─── MATERIAL FOR THIS EXERCISE

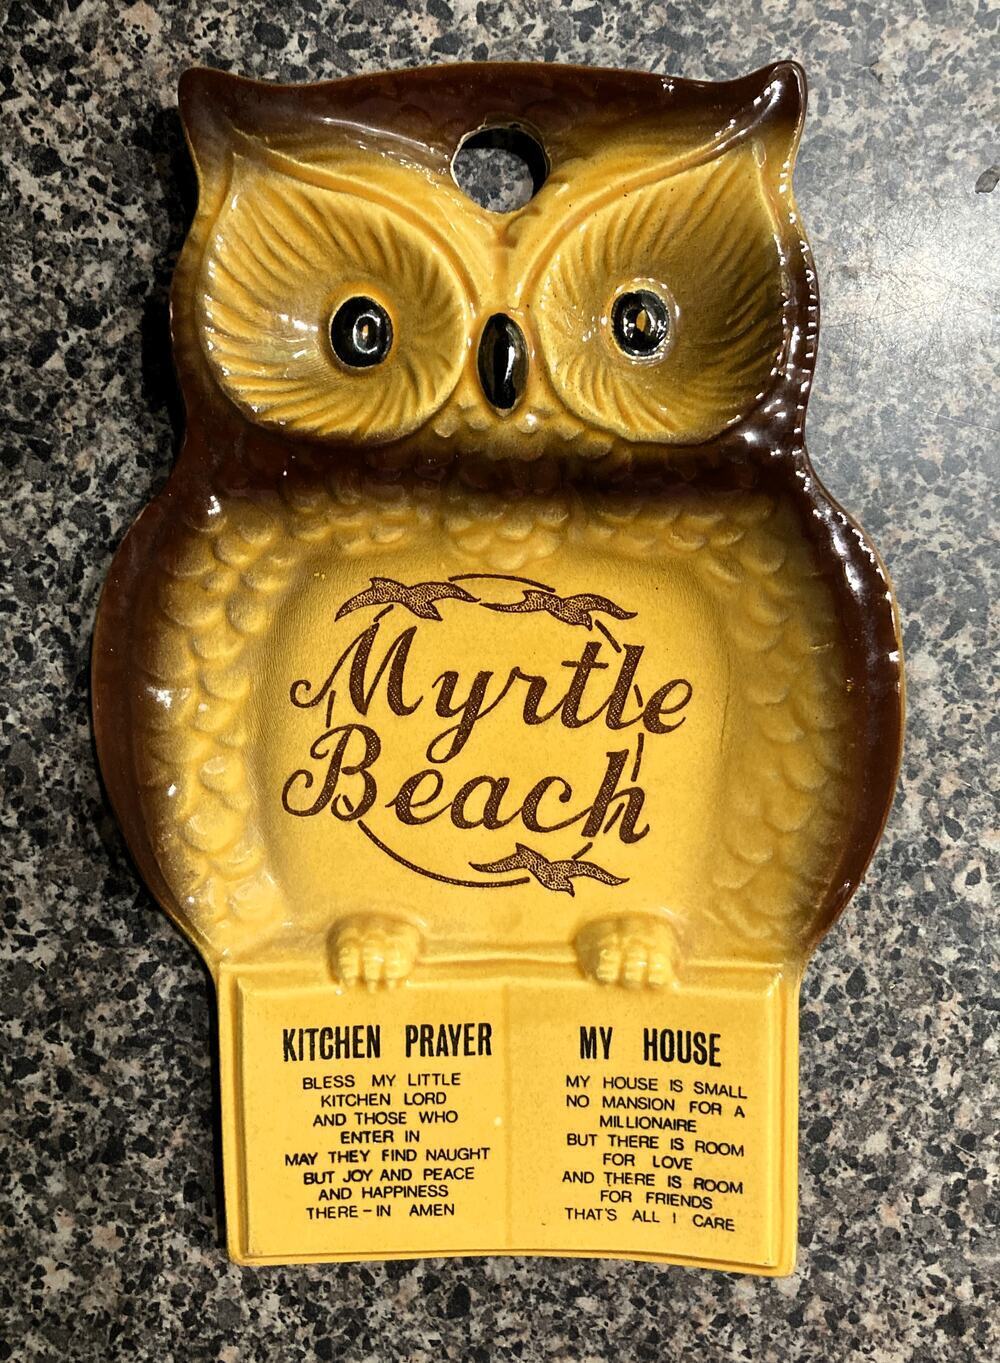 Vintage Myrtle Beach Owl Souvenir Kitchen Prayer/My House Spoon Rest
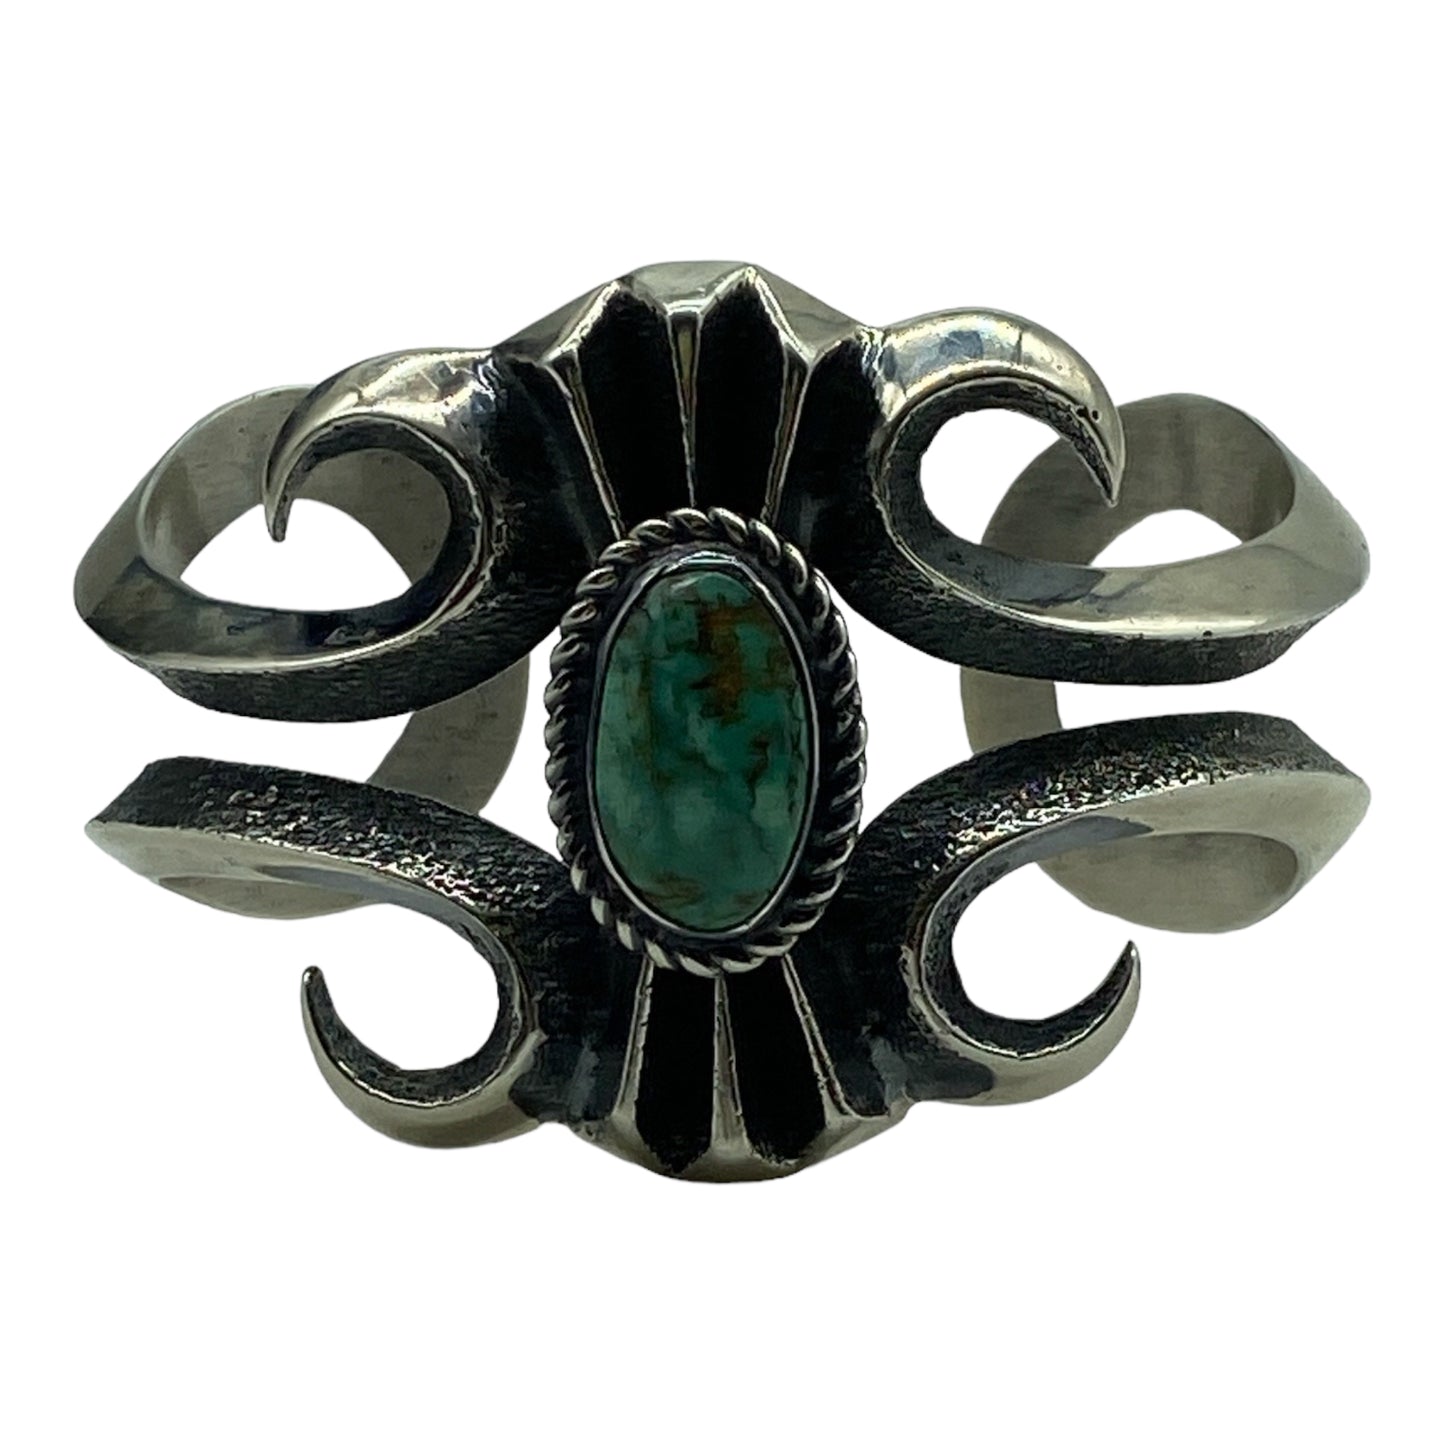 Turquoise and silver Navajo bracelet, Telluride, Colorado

──────
─── MATERIAL FOR THIS EXERCISE

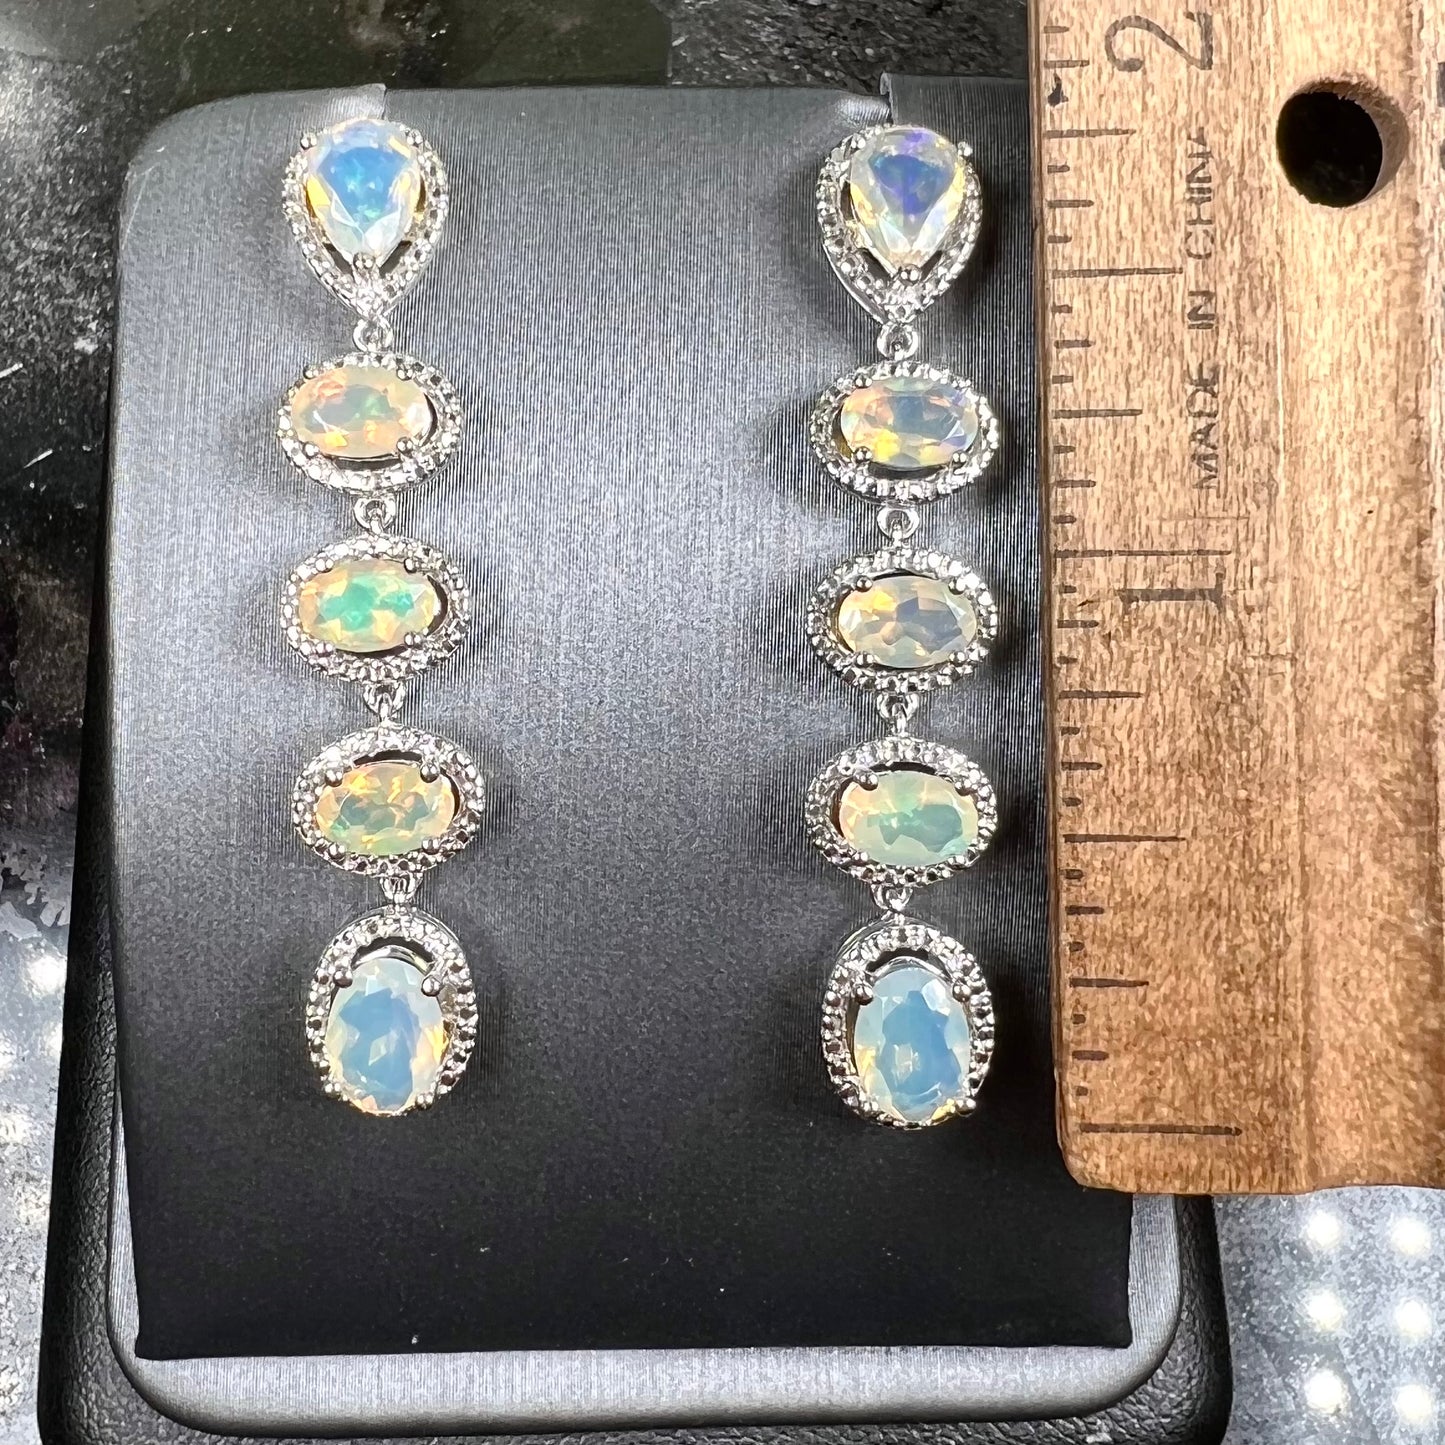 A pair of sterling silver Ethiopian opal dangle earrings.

──────
─── MATERIAL FOR THIS EXERCISE

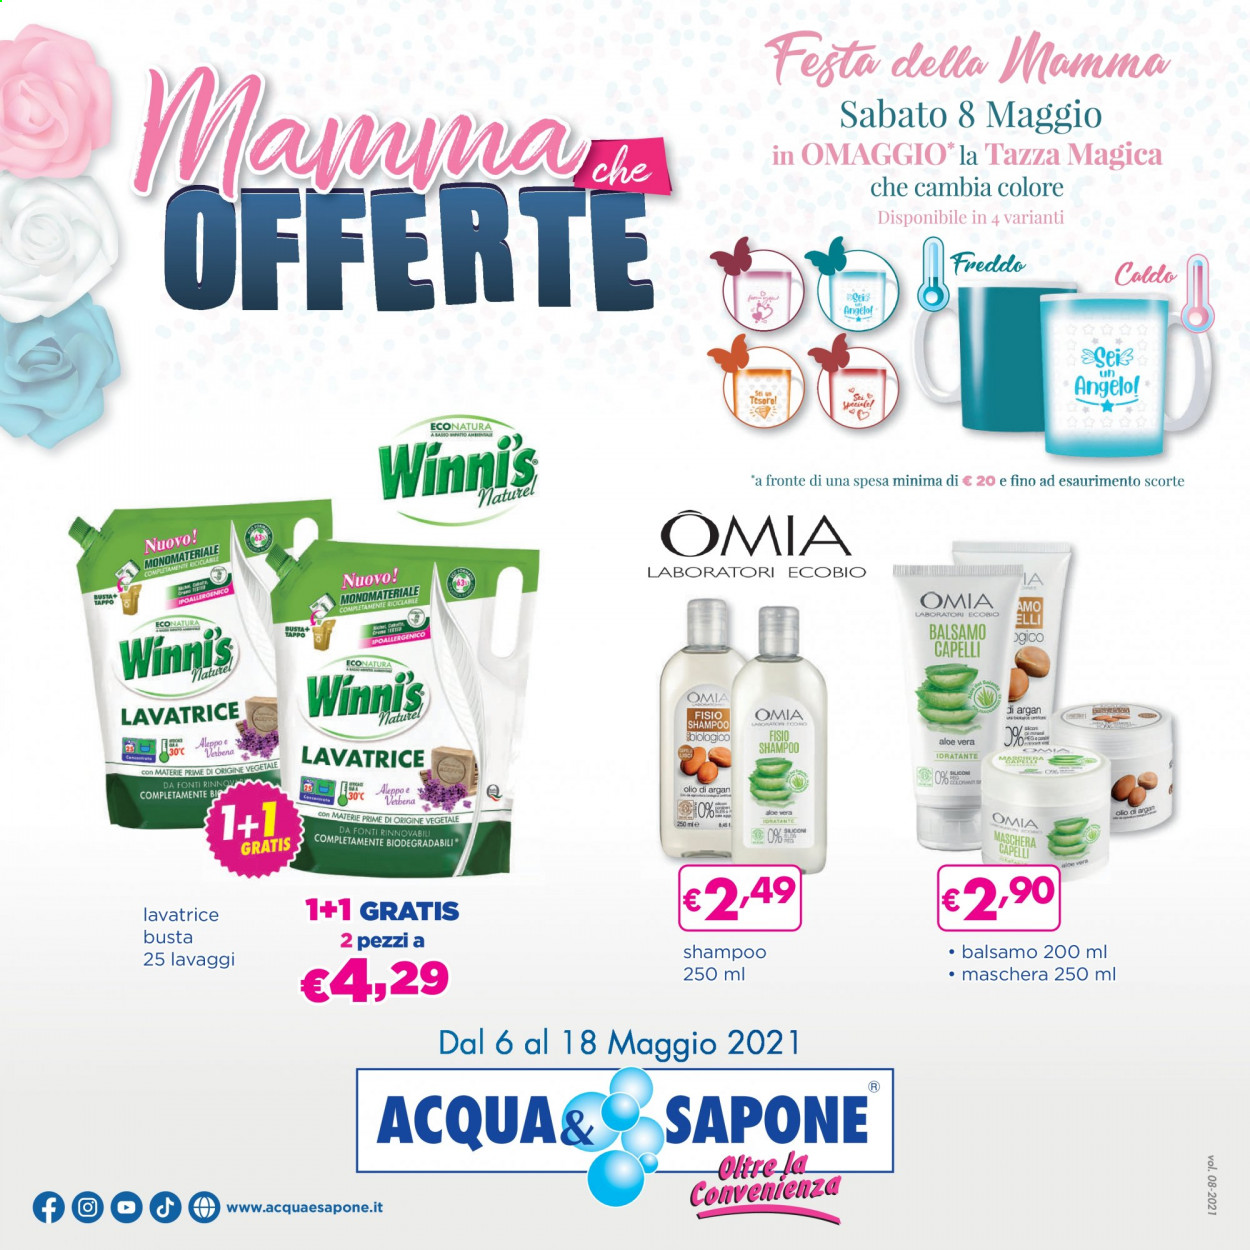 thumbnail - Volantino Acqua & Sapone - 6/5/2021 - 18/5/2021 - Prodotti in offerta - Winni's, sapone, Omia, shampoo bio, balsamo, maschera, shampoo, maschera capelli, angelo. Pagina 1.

──────

EXERCISE AIM. If a picture sits between the line containing "Vintage Myrtle Beach" and the line containing "Turquoise and silver", leave it out, and return the lines of that range above exactly, both ends included.

WRITTEN REPLY.
 Vintage Myrtle Beach Owl Souvenir Kitchen Prayer/My House Spoon Rest
 Turquoise and silver Navajo bracelet, Telluride, Colorado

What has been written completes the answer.